And if you give in to the Dread Pirate Editing, you’ll end up wanting to FIX ALL THE THINGS and your novel will taking a looooooong (not to mention wet) walk off a very short plank. (And there are sharks down there. They eat plot bunnies.)

Here I am with the metaphors again. Okay. So, in plain English: if you spend your time polishing words, sentences, and paragraphs — instead of generating new words — you will not reach your June 50k-word goal.

Thus…WHAT TO DO?

I can’t make you exercise self-control and ignore your editing urge. I can’t peer over your shoulder and remind you to get back to making new words instead of fiddling around with the old ones. I wouldn’t do any of that even if I could, because I wouldn’t be doing you or myself any favors.

What I can do is offer just a few practical tips that work for me. Your mileage might (and probably will) vary. If you wanna come find me on Twitter or at my sadly neglected blog, I’m happy to chat it out.

In the meantime, suggestions!

  1. Recall these tidbits from writers more well-known than I:
  • “It is perfectly okay to write garbage — as long as you edit brilliantly.”

—C. J. Cherryh

  • “You can fix anything but a blank page.”

—Nora Roberts

  • “Write your story, and don’t be afraid to write it.”

—Nnedi Okorafor

—> i.e. DON’T WORRY. JUST W̸̟̜̜͈͇̱̩̍̈́̿̊͜R̸̦̳̲̄̆̐Ī̸̗̮̗̲͙̳͖̳̌̊͋̓̄̐̕͠Ì̶͙̺̻̳͎͈̘͇̩͂͌́͠I̸̪̱̰̠͆͠Î̸̢͈̫Ï̸̧̲̝̝̭̪̽̈́͆̓̓Į̴̻̳͓̠͖̠͇̦͋͋̂͐́͘̕Ĭ̸͈̱̒͑Ì̸̢̛̱͎̭̑̂̃Ỉ̶͔͎̪̲̈́͑̈́͠I̶̗̯̹̱̰̐̽ͅỈ̵͚̻̮̱͎̖͙̖̣̆͆̄̏͊̾̾̾͜͝I̷̢̺͊́́̀̕I̶̡̛̳̥̻̞͎̠̱͂̆́͊Ȋ̴̧͔͔̯̺̙͕̬͖̒̋͝Ĩ̶̩̈͂̿̅̓ͅI̴̥̖͔̘̣̱͓̗͔̽͊̈́̓͊̋͐̒I̸̝͉͓̻̖̓̈̍̓̄̓̃͗͠ͅT̴̠͖̠͕̔̿̋͐̅̈͆̂͝E̶͇͖͙̰̮̾̔ (write).

  1. Do word sprints.

These are set periods of time — 10 minutes, 20, 30 — during which you force yourself to keep your butt in the chair and make words. Any words.
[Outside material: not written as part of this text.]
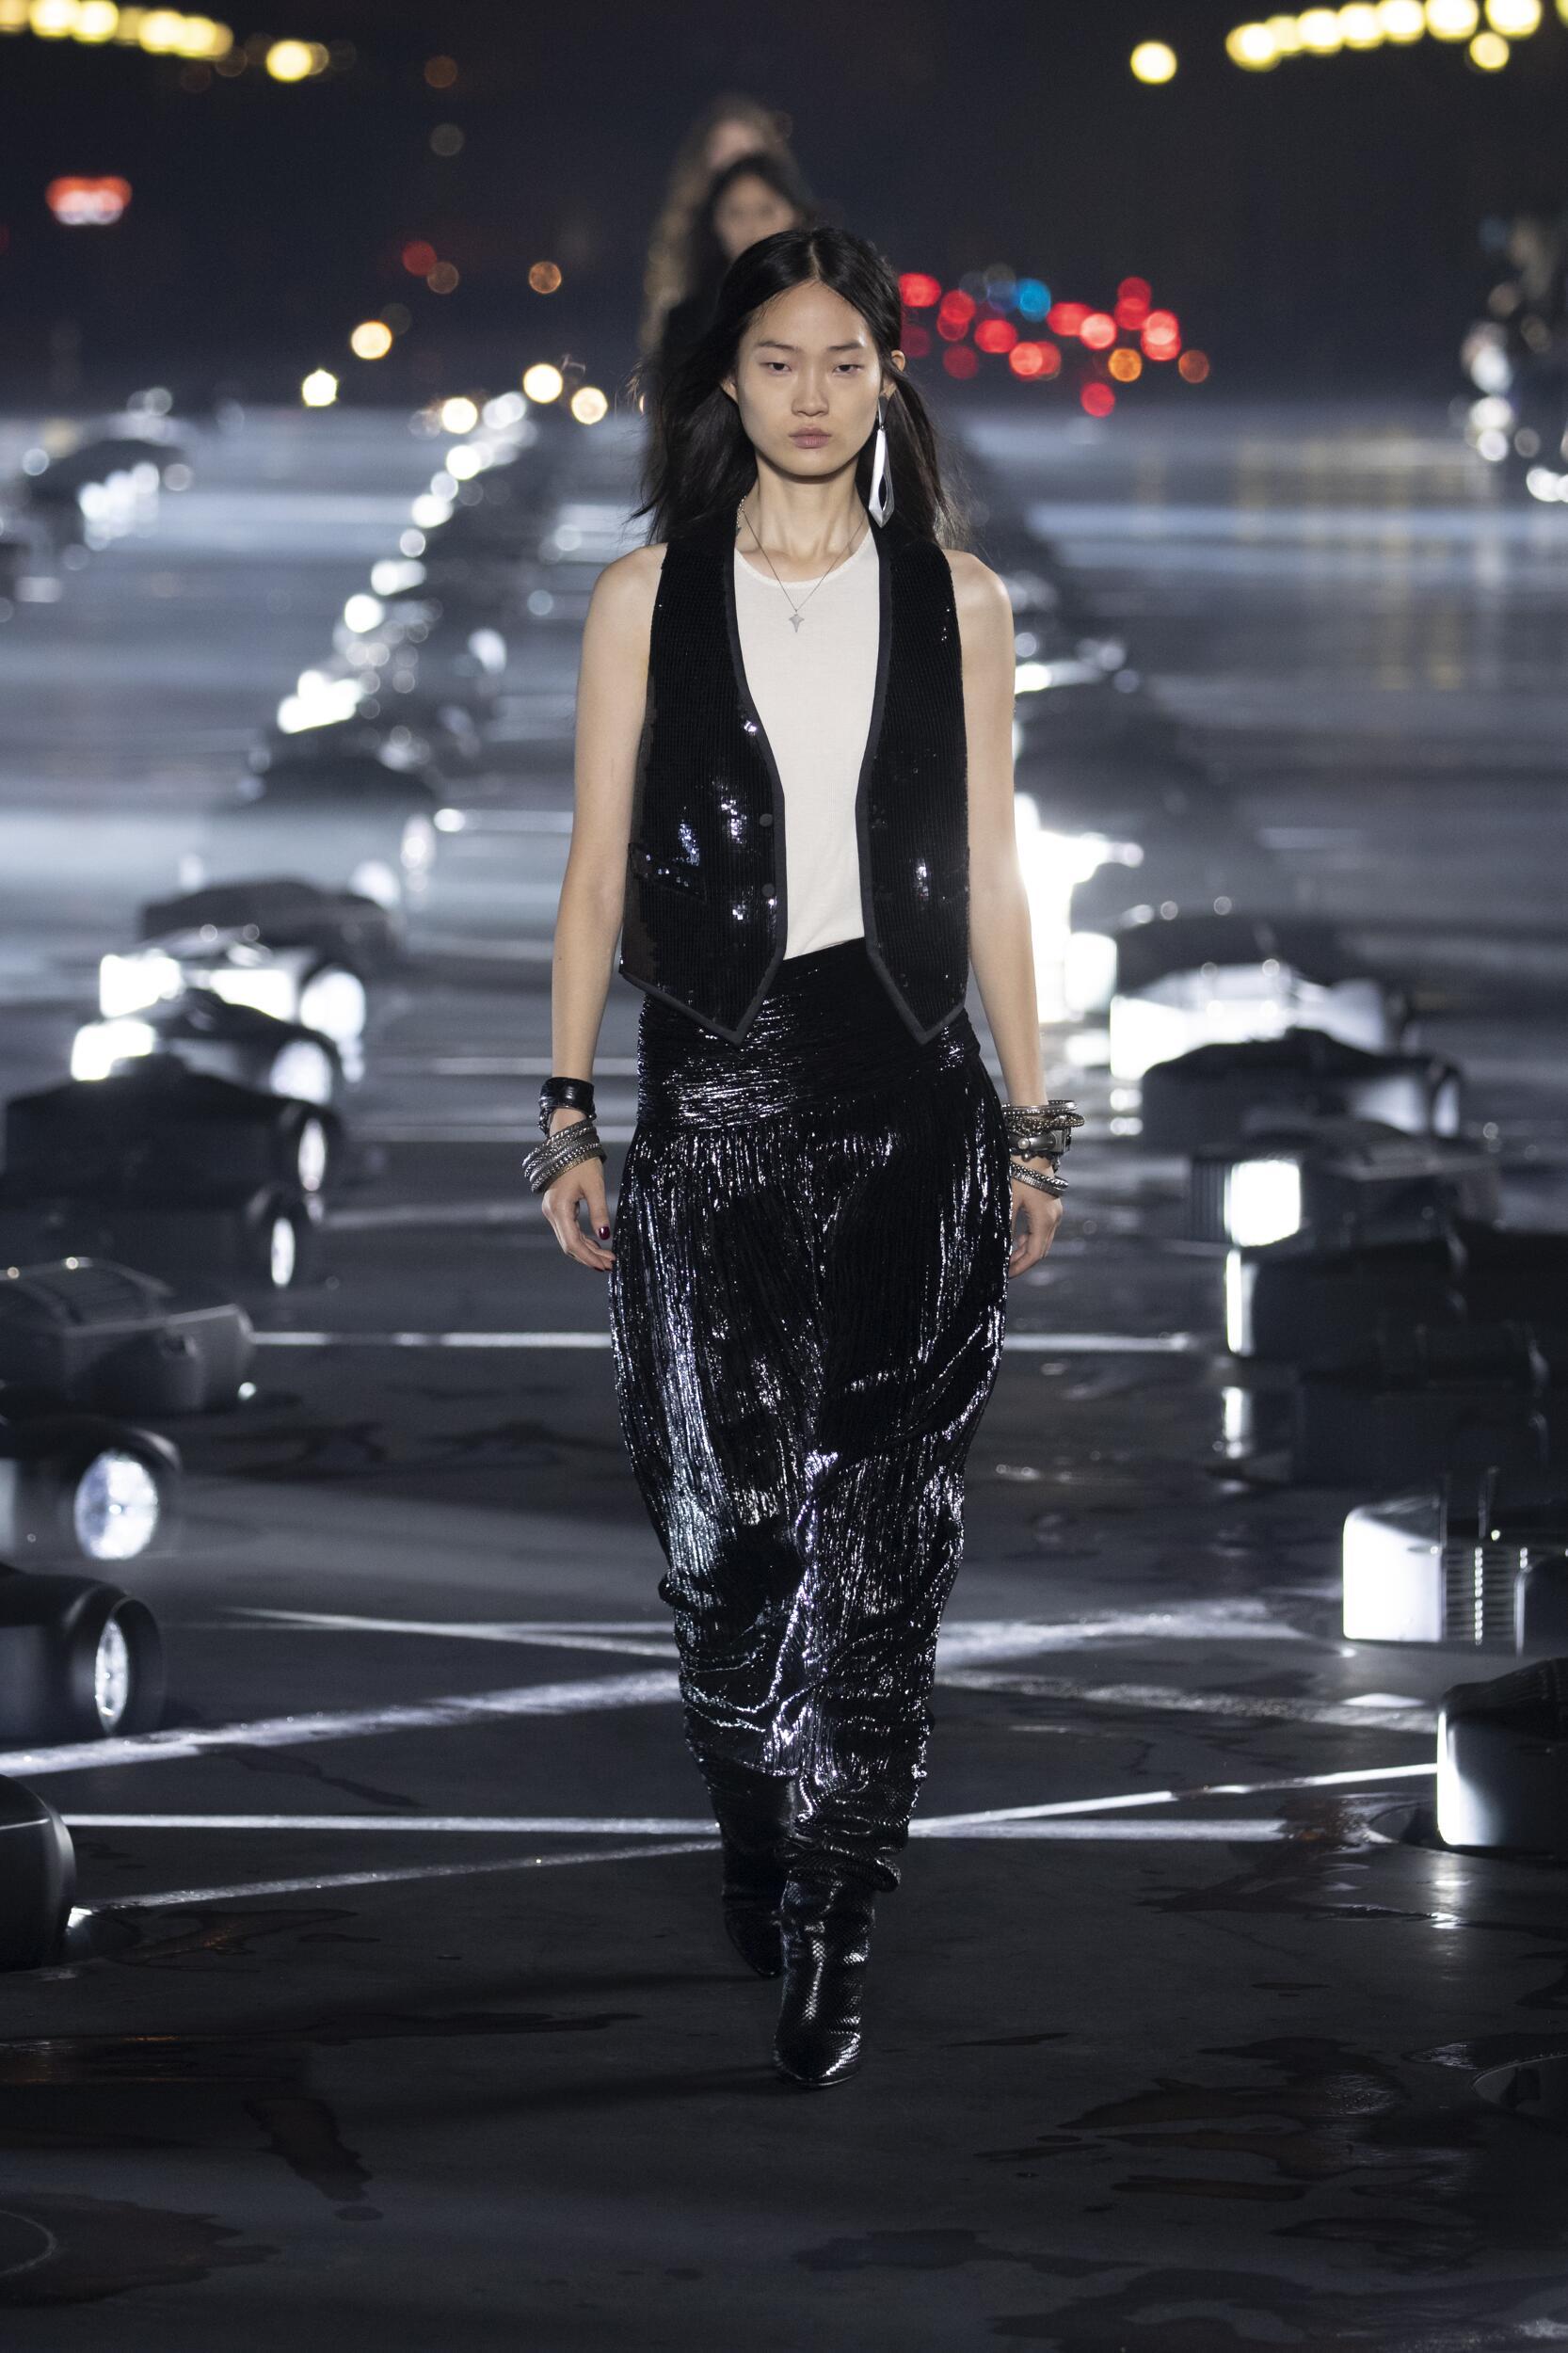 Catwalk Saint Laurent Woman Fashion Show Summer 2020

It’s almost a free-association kind of thing.

Just write, write, write. (W̸̟̜̜͈͇̱̩̍̈́̿̊͜R̸̦̳̲̄̆̐Ī̸̗̮̗̲͙̳͖̳̌̊͋̓̄̐̕͠Ì̶͙̺̻̳͎͈̘͇̩͂͌́͠I̸̪̱̰̠͆͠Î̸̢͈̫Ï̸̧̲̝̝̭̪̽̈́͆̓̓Į̴̻̳͓̠͖̠͇̦͋͋̂͐́͘̕Ĭ̸͈̱̒͑Ì̸̢̛̱͎̭̑̂̃Ỉ̶͔͎̪̲̈́͑̈́͠I̶̗̯̹̱̰̐̽ͅỈ̵͚̻̮̱͎̖͙̖̣̆͆̄̏͊̾̾̾͜͝I̷̢̺͊́́̀̕I̶̡̛̳̥̻̞͎̠̱͂̆́͊Ȋ̴̧͔͔̯̺̙͕̬͖̒̋͝Ĩ̶̩̈͂̿̅̓ͅI̴̥̖͔̘̣̱͓̗͔̽͊̈́̓͊̋͐̒I̸̝͉͓̻̖̓̈̍̓̄̓̃͗͠ͅT̴̠͖̠͕̔̿̋͐̅̈͆̂͝E̶͇͖͙̰̮̾̔). Use a timer. When it goes off, stand up, walk

around, get a drink and/or snack, use the restroom, run around the block once. Ten minutes later, get your butt back in the chair and do it again. Look for Twitter hashtags #wordprints #wordmongering #wordgrab and find other Gorgeous Wordslingers Like You(™) online who are sprinting together (or against each other — maybe a little competition will light fires under that cute, melded-to-chair butt of yours).
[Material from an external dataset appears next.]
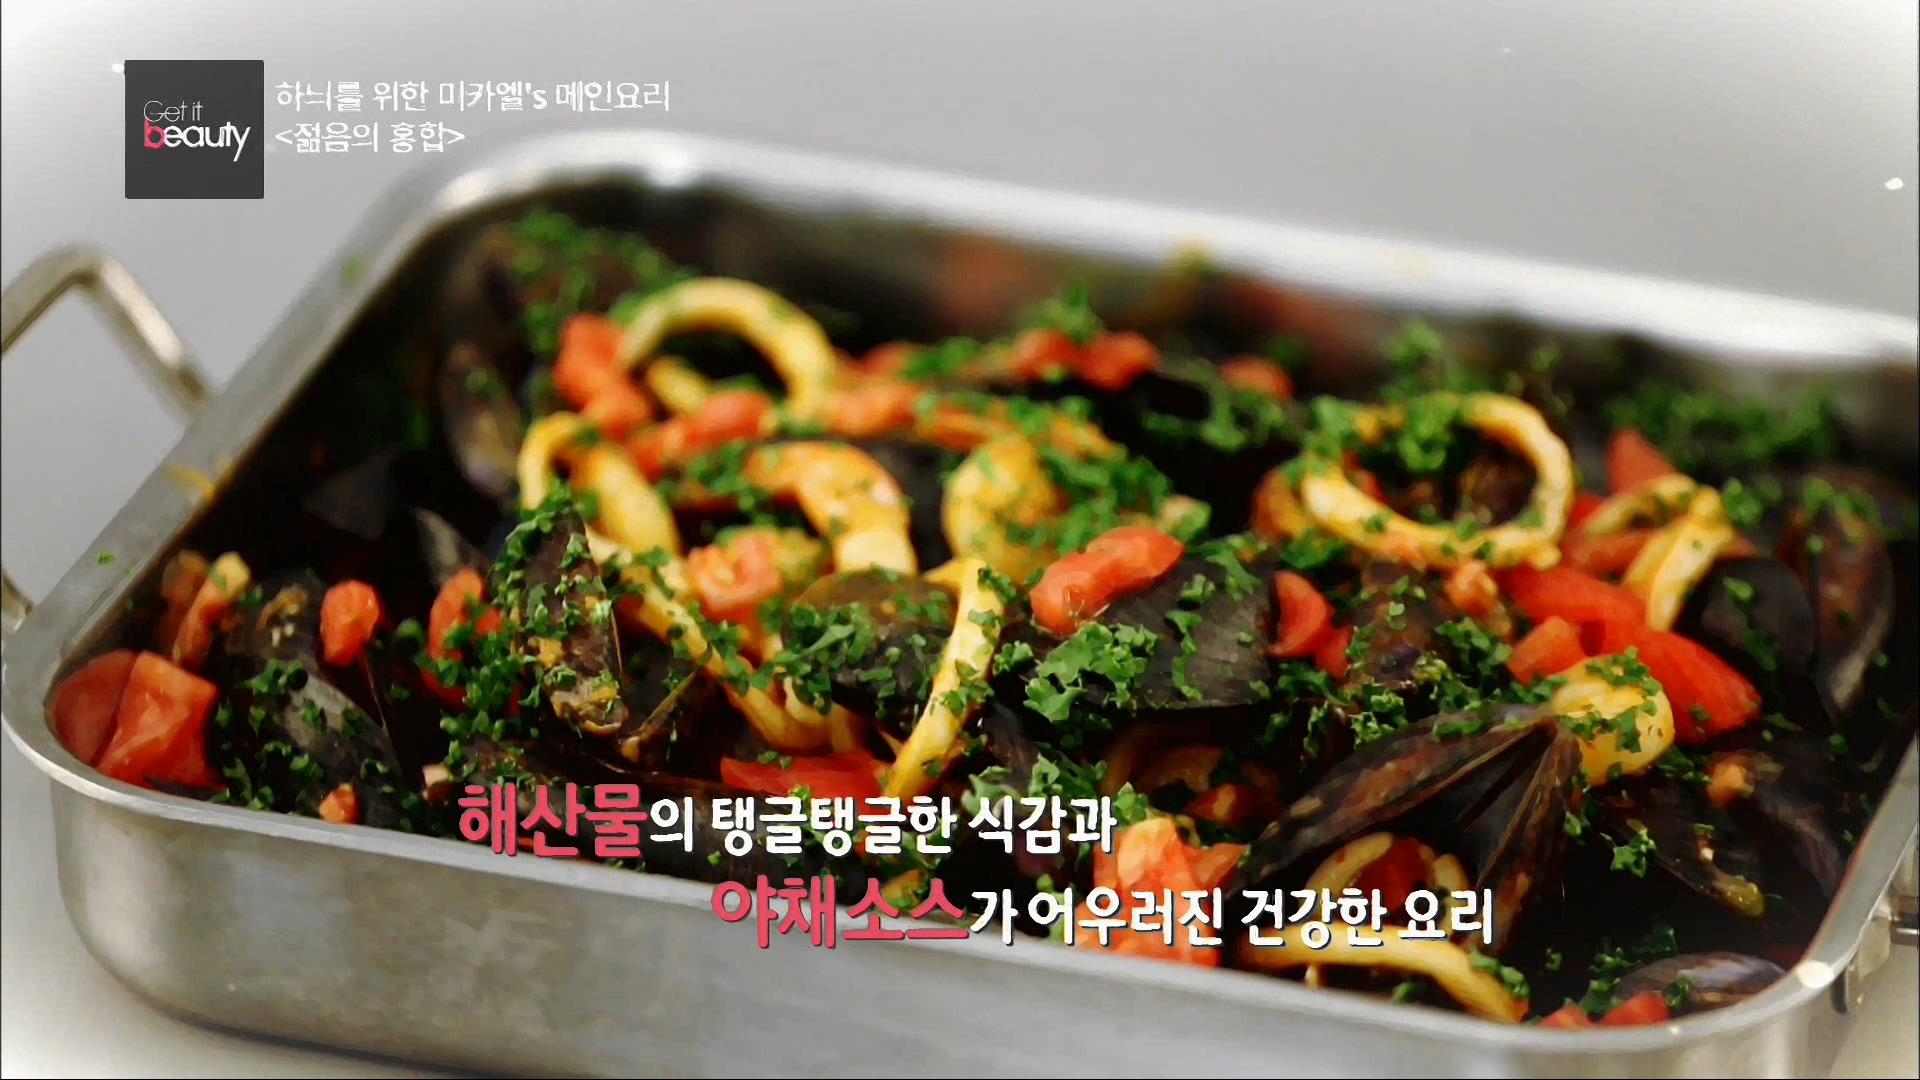 해산물의 탱글탱글한 식감과 야채소스가 어우러진 건강한 요리 완성~

2. End your writing session in the middle of a sentence that excites you.

I know, this sounds counterintuitive and even downright agonizing. But trust me. If there’s anything that can cannonball you directly into the goopy mass that is your story, it’s sitting down to your next writing session and plunging right into that cramazing sentence you so desperately wanted to finish. Finish it — and then keep going. Do. Not. Stop. Let the momentum carry you like a bulbous sludge-shark hauling you along behind it through the gook. It’ll take you to whatever miry depths you need to reach.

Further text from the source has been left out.